--- Task brief ---
Restate the data word for word and leave the images out.

--- Recorded information ---
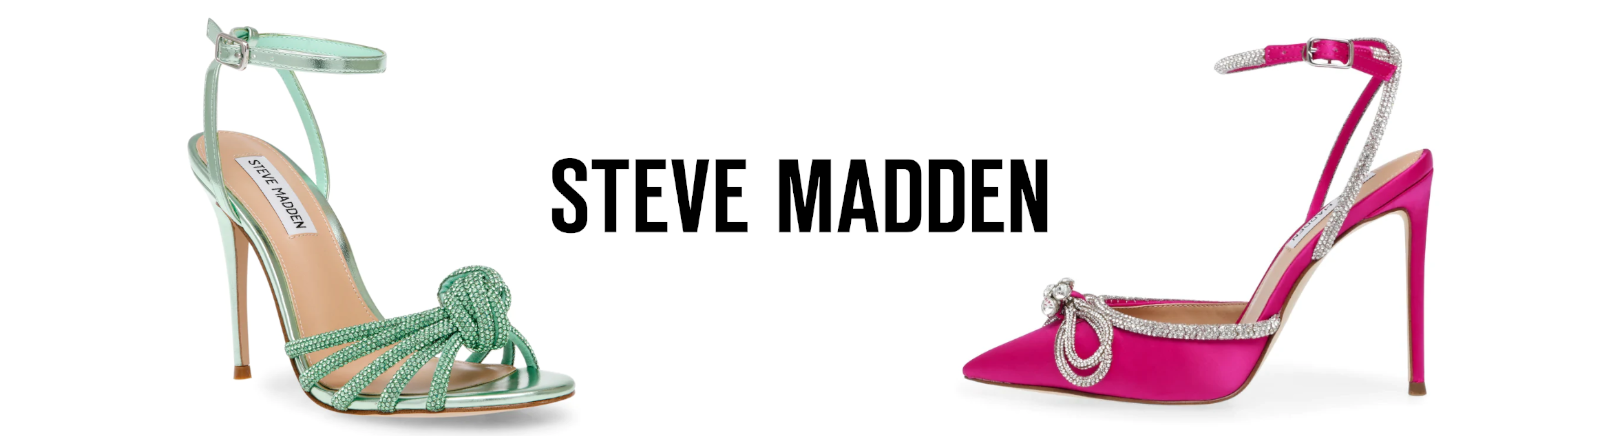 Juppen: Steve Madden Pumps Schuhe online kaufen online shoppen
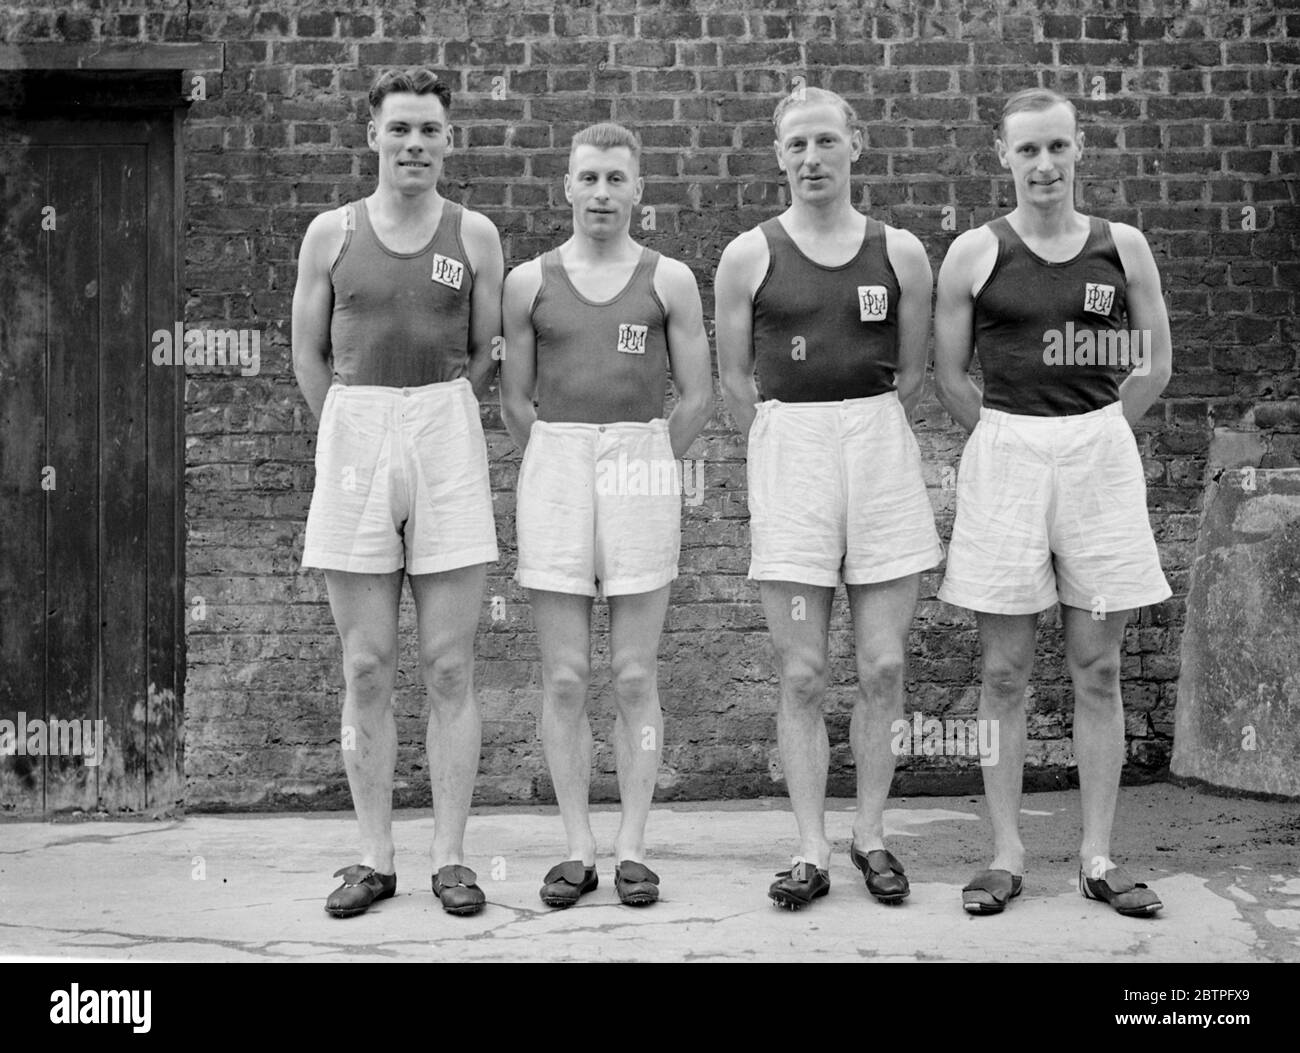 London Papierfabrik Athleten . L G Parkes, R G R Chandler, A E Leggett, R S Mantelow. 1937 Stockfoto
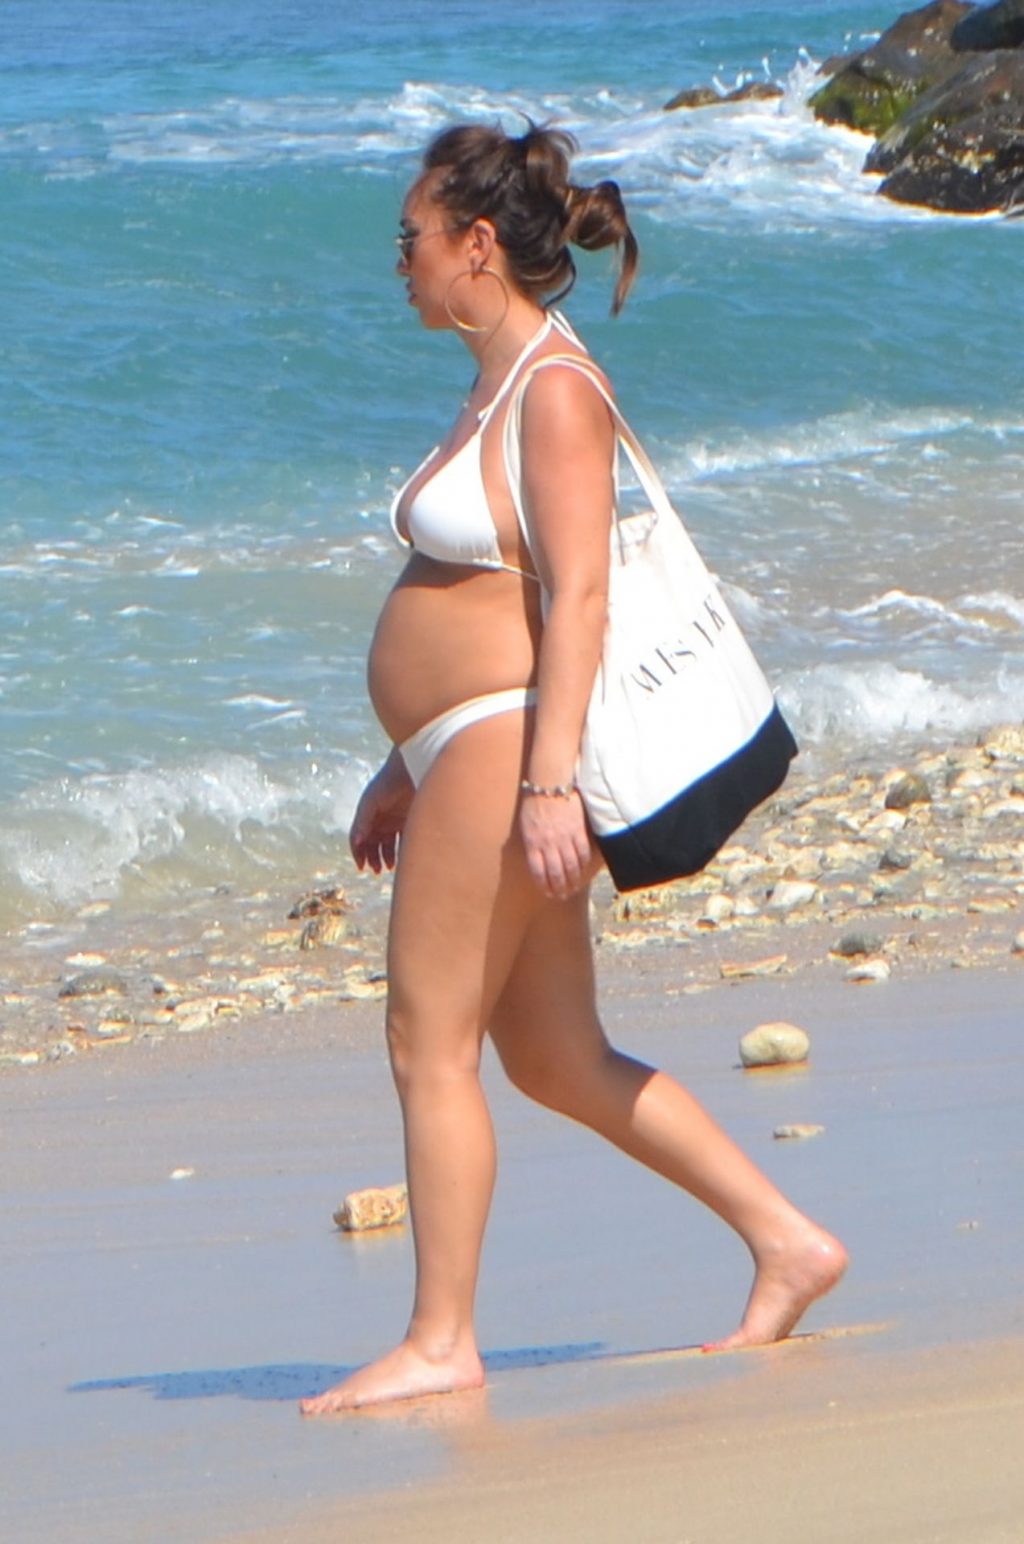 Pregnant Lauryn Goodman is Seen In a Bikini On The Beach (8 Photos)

--- Your solution ---
 Juppen: Steve Madden Pumps Schuhe online kaufen online shoppen
 London Papierfabrik Athleten . L G Parkes, R G R Chandler, A E Leggett, R S Mantelow. 1937 Stockfoto
 Pregnant Lauryn Goodman is Seen In a Bikini On The Beach (8 Photos)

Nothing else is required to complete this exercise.